Les candidats en écriture de scénario auditionnés manifestaient des degrés de maturité très
différents et l’inscription dans des genres cinématographiques variés : à la lisière du documentaire
expérimental et de la fiction, dans le cinéma de fiction destiné aux circuits commerciaux. Ils
envisageaient leur séjour comme un moment de concentration sur l’écriture, sans exclure un passage à
la réalisation. Il faut souligner que deux des projets émanaient de scénaristes qui ont aussi d’autres
activités dans le cinéma (actrice pour l’une, chef opérateur pour l’autre), ce qui aurait pu être un grand
enrichissement. Les auditions des trois candidats non-retenus ont mis en relief la dimension
autobiographique de leurs projets, sans que celle-ci ait débouché, du moins à l’oral, sur une réelle
ouverture qui aurait permis d’envisager la résidence dans sa dimension collective.

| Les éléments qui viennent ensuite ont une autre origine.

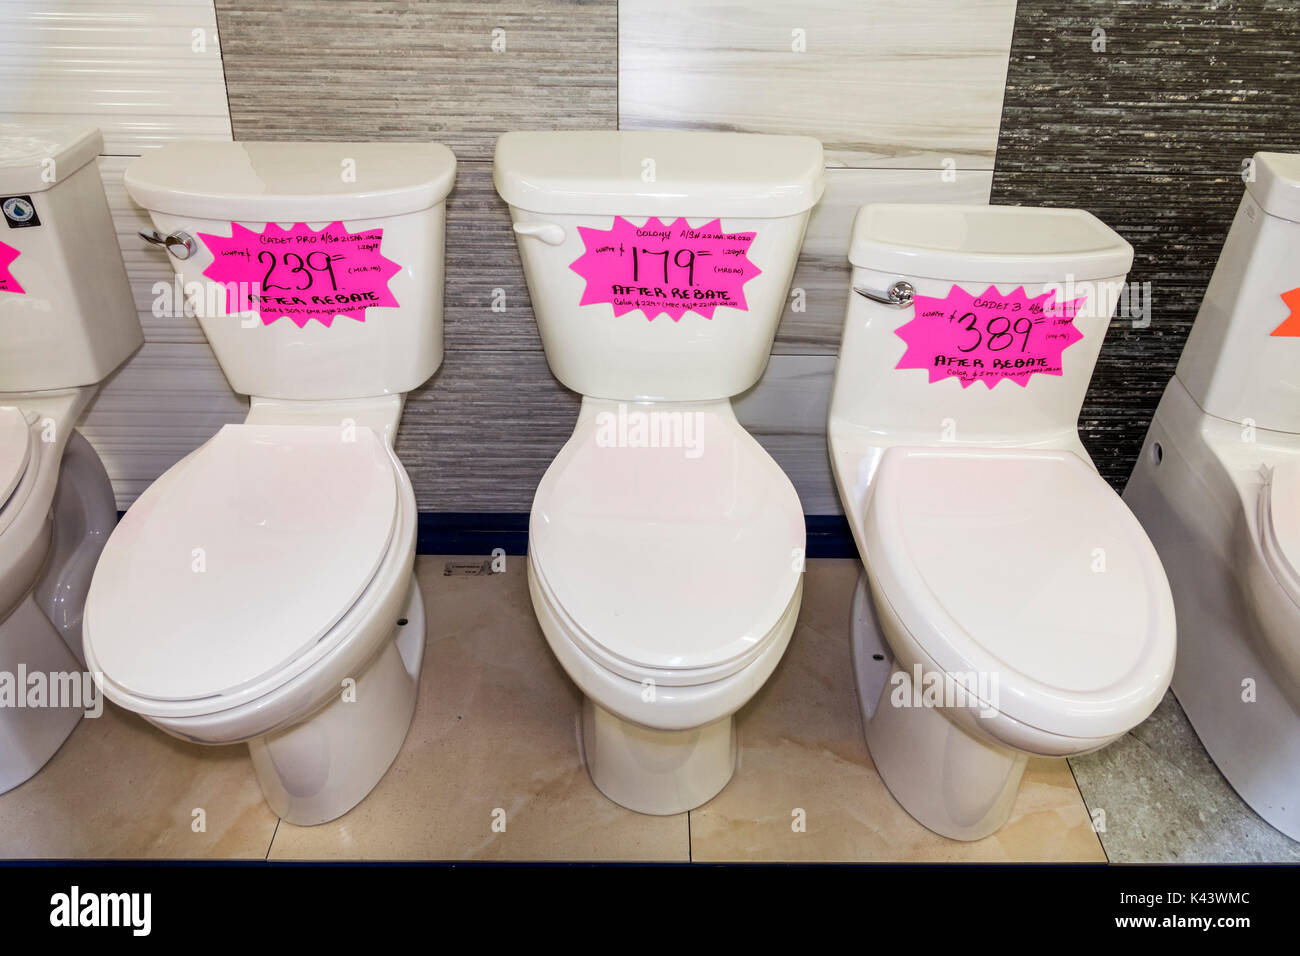 Miami Florida,new toilets,sale,display sale product,loos,commodes,prices,after rebate,visitors travel traveling tour tourist tourism landmark Stock Photo - Alamy

A l’inverse, le
candidat retenu a manifesté une bonne connaissance des conditions concrètes d’un séjour à la Villa
Médicis et d’une volonté d’infléchir une pratique déjà reconnue (films primés et ayant bénéficié d’une
critique favorable, sinon d’une forte diffusion dans les circuits commerciaux). Si son projet écrit
semblait un peu confus, il a su convaincre le jury par son engagement et son ouverture à des questions
complexes, ayant avancé entre la lettre de candidature et l’audition dans son projet – ce qui a fait
apparaître celui-ci comme une vraie nécessité. Là encore, c’est un projet atypique qui a été retenu, en
lien fort avec la culture populaire et inscrit pleinement dans les possibilités qu’offre la Villa Médicis.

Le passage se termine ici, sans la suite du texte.